Amendment
The love of each of us
for some of us,
of some of us
for all of us—
and what would come if it were
welcome, if learning were
to prepare “a self with which to
welcome”
the in-
admissible, stranger
whose very being gives
evidence of
a discrepancy. School of our just
beginning to think
about this, I believe
the seats will be peopled.
Copyright @ 2014 by Christina Davis. Used with permission of the author.
“The idea that emerged through the poem was that each generation enlarges what we as a people are capable of receiving, that the amendments to the Constitution recognize an increase in what we constitute. Though each generation confronts a new concept of what is strange, the task remains the same: when I look back on the progress of America (and other nations and peoples) it takes the form of this incremental admission, and when I consider future progress it is likewise this reception of the heretofore strange.

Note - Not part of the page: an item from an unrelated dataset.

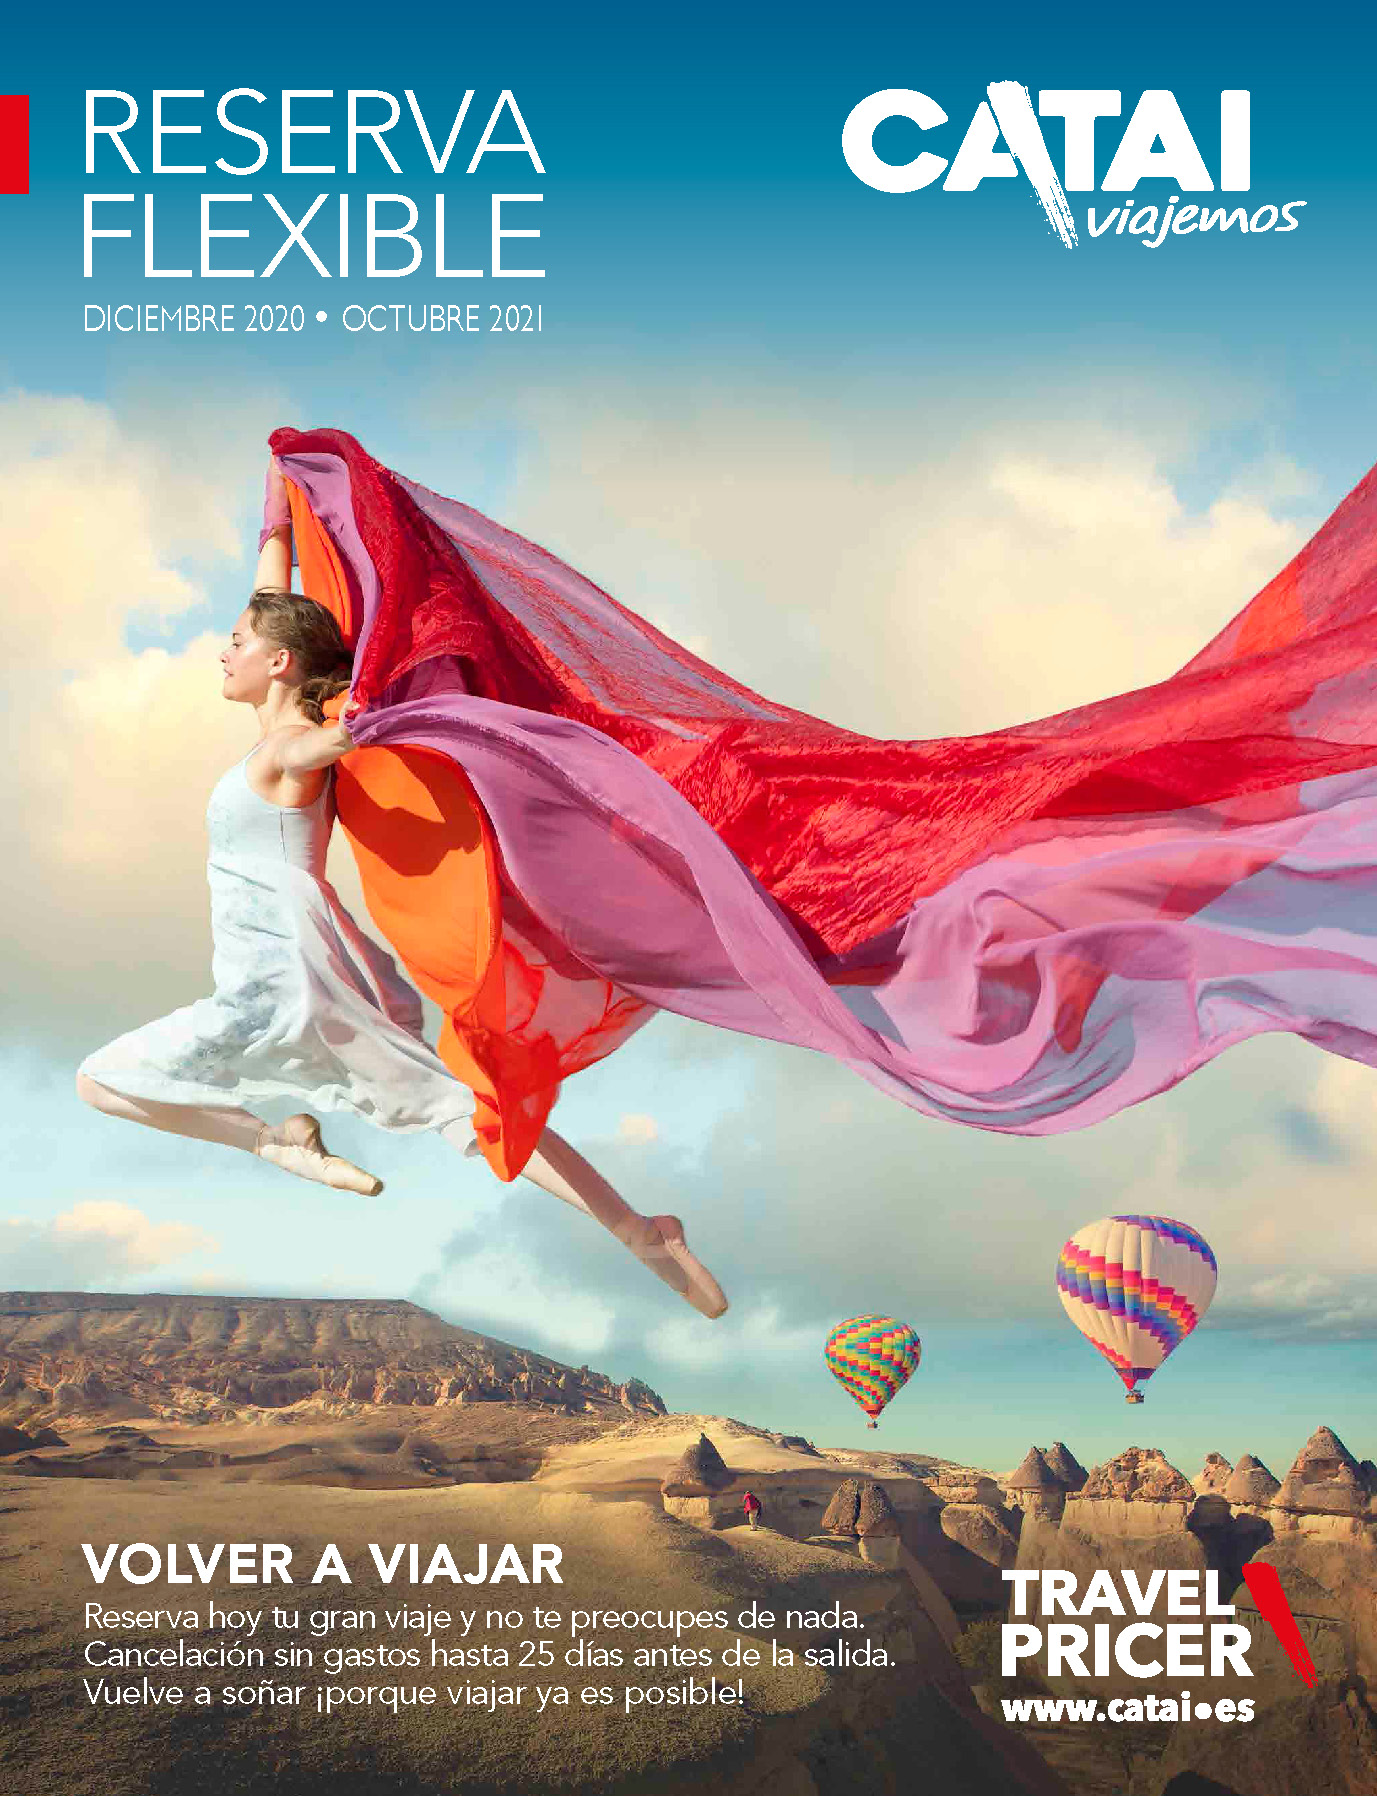 Catalogo Catai Reserva Flexible 2020-2021

The original version of the poem had the word ‘education,’ but I changed it to ‘learning’ because learning is continuous throughout our lifetime and I did not want to limit this progress to the young.
I’d also been thinking of poetry itself, both the struggle of poems to integrate and include and also the way in which poetry is often called ‘inaccessible.’ Whereas I would suggest that the limitation has to do with its reception: it is treated as the ‘inadmissible,’ not what won’t let us in, but what we refuse to allow to near. Imagine what would come if it were welcome?”